Most immediately, the free conscience is the immediate relation that one has to God which cannot be accessed by men. This is not to say that states and despots don’t try. The history of the human race is a history of social engineers, psychological manipulation, the force of threat or persuasion to follow a certain path, etc. But ultimately, the conscience cannot be forced. It is free in relation to God, and this was brought into stark relief in the Reformation. Not only was it in fact free as a faculty, it was declared free in relation to guilt because of God’s justifying declaration. But here’s the point. The free conscience is simply reality! Even Rome had to recognize that it could not “force” the conscience.
The genius of Protestant political theology was simply that this became a self-conscious principle of governance – integrated into its starting point for thinking about these matters. In other words, the limitation of the government charter is a limitation rooted in nature itself, a nature wherein the conscience is free in relation to God and in which God alone can ultimately bind and loose it in relation to Himself. And so the argument for religious freedom on account of the free conscience and from the limited charter of government are not different accounts of religious freedom. The limited charter of the government is simply a function of government limiting itself to what it can access in the first place (i.e. pen-ultimate things) qua reality.
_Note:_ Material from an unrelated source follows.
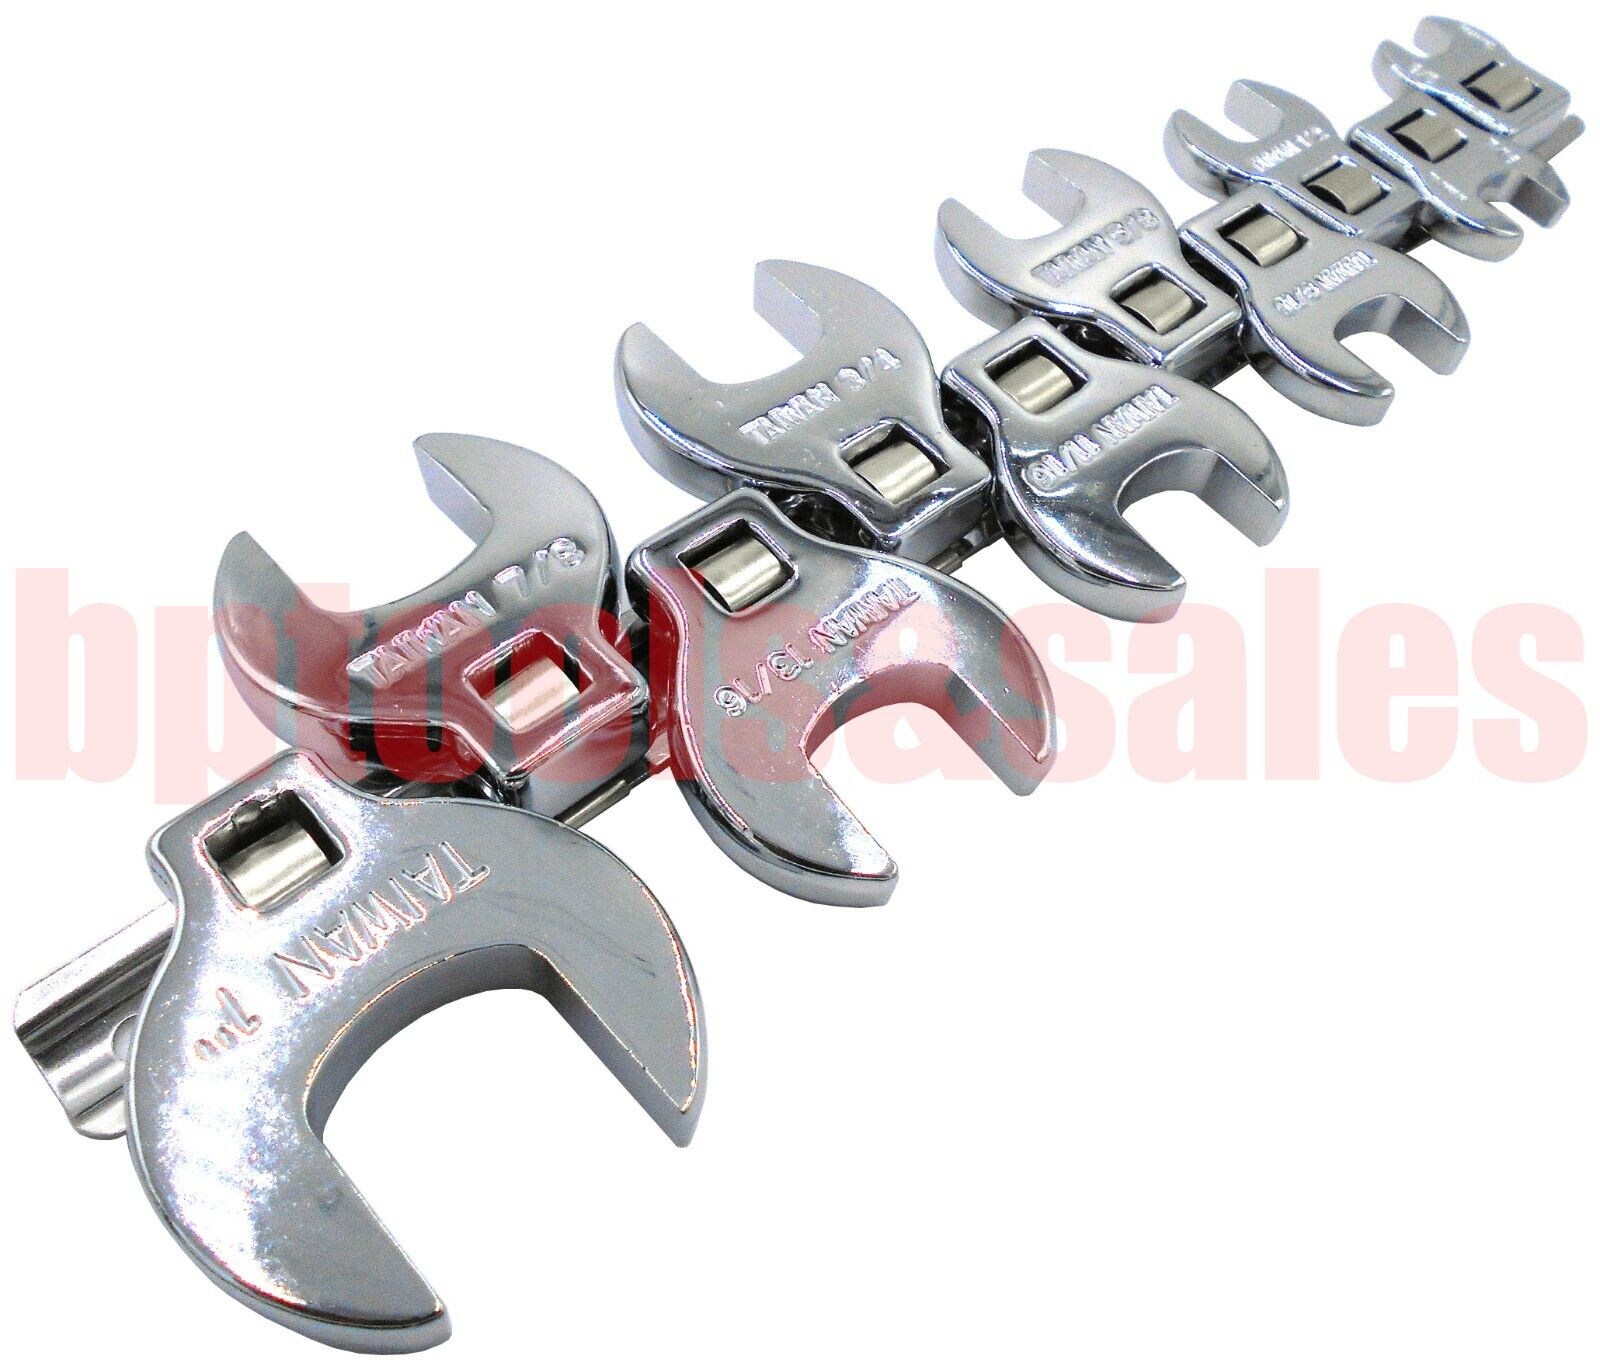 10pc 3/8" DR. (SAE) Crowfoot Wrench Set w/ Snap-on Snap-off Storage Rail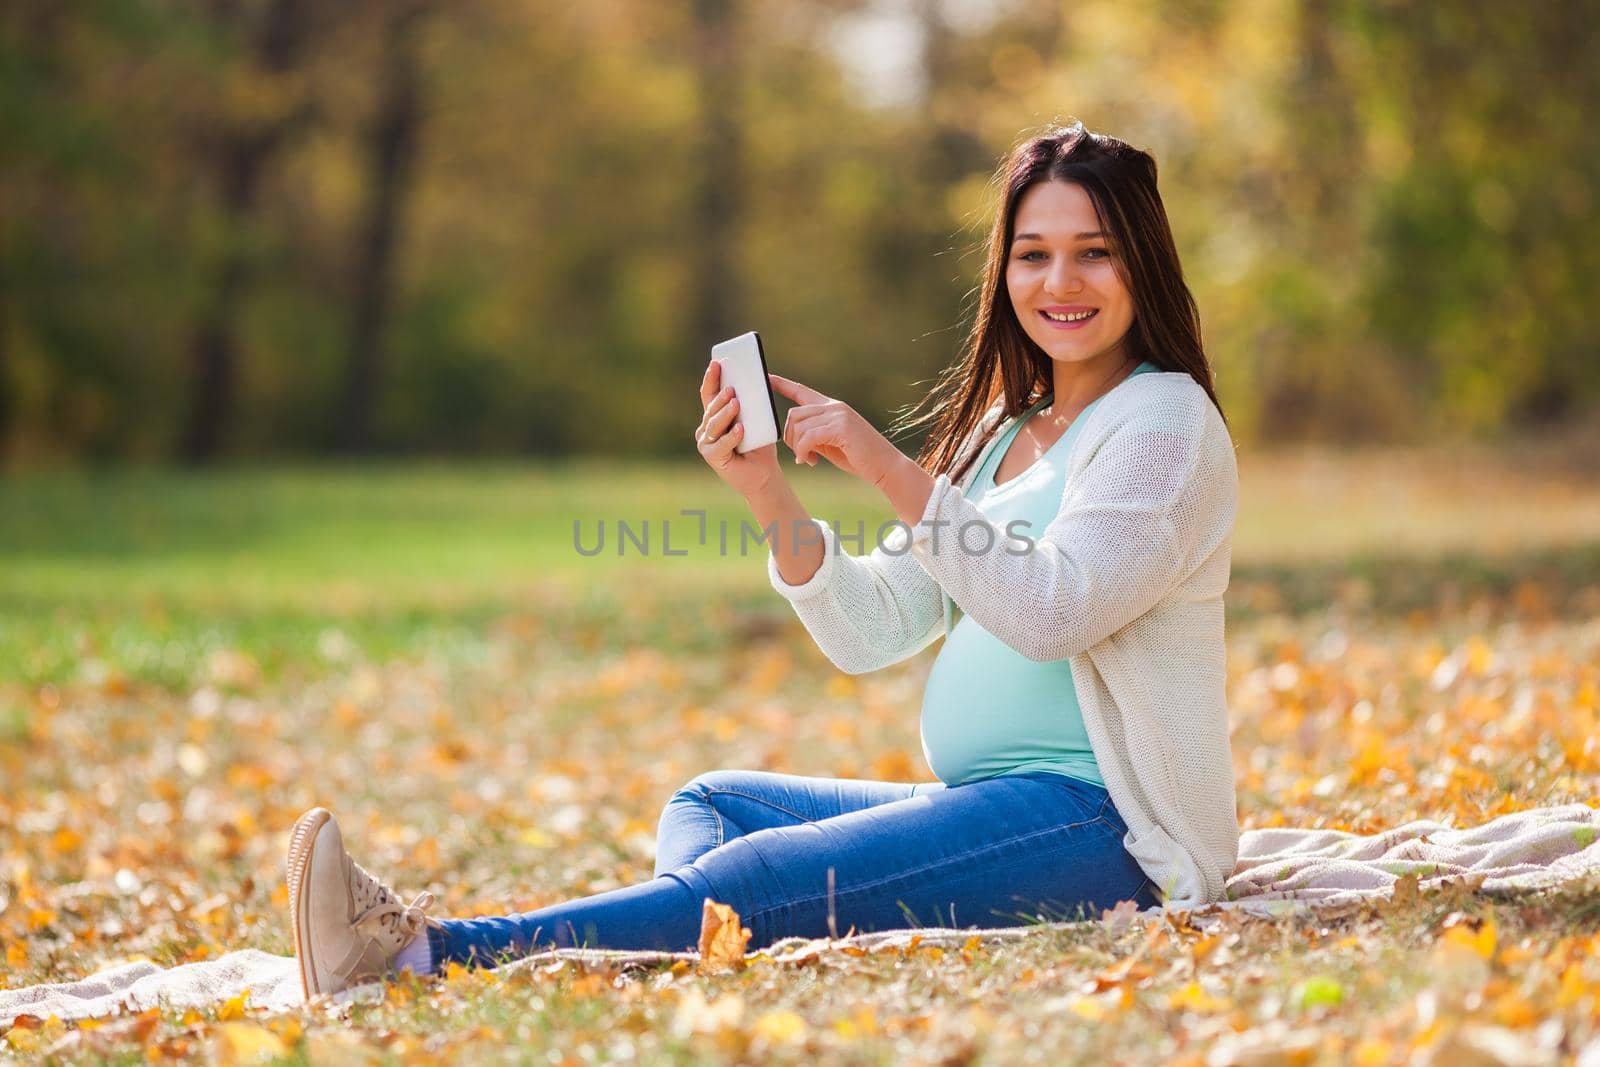 Pregnant woman relaxing in park. She is chatting on digital tablet.

Much more could be said, especially concerning Leeman’s treatment of the new covenant, infant baptism (see my essay in this volume), and concerning his extremely problematic treatment of Trinitarian “subjects” (for which, see here). But I believe that I have addressed matters of first importance above. While often bedeviled by parasitic spandrels, the very essence of Protestant ecclesiology – its radical insight – is that the church’s spiritual power is only the power of the word and that the believer’s access to this word is immediate. The implications of this insight for a doctrine of the visible church are momentous and, let it be noted again, illuminate reality as it actually confronts us (See Brad Littlejohn’s recent work on the theology of Richard Hooker for an excellent statement of Protestant ecclesiological essentials at their most basic and consistent).
It is gravely important that this clarity of principle is preserved, because confusion in this area will inevitably bleed into other areas of doctrine and life. It is not coincidental that many recent converts to Rome come from the portion(s) of the evangelical community which tend to treat the church as a political institution with a vaguely defined “spiritual power.” And it is not coincidental that churches which hold to these sorts of ecclesiological formulas often wind up with all sorts of intra-community “obligations” which comfort the competitive but discourage the weak. In this area, failure to make proper distinctions is doctrinally and pastorally perilous. The antidote to the malaise of modern community is not a baptized “new institutionalism,” but a recovery of historically orthodox and Protestant first principles – the roots of which grow in the soil of persuasion and produce the fruit of Christian love.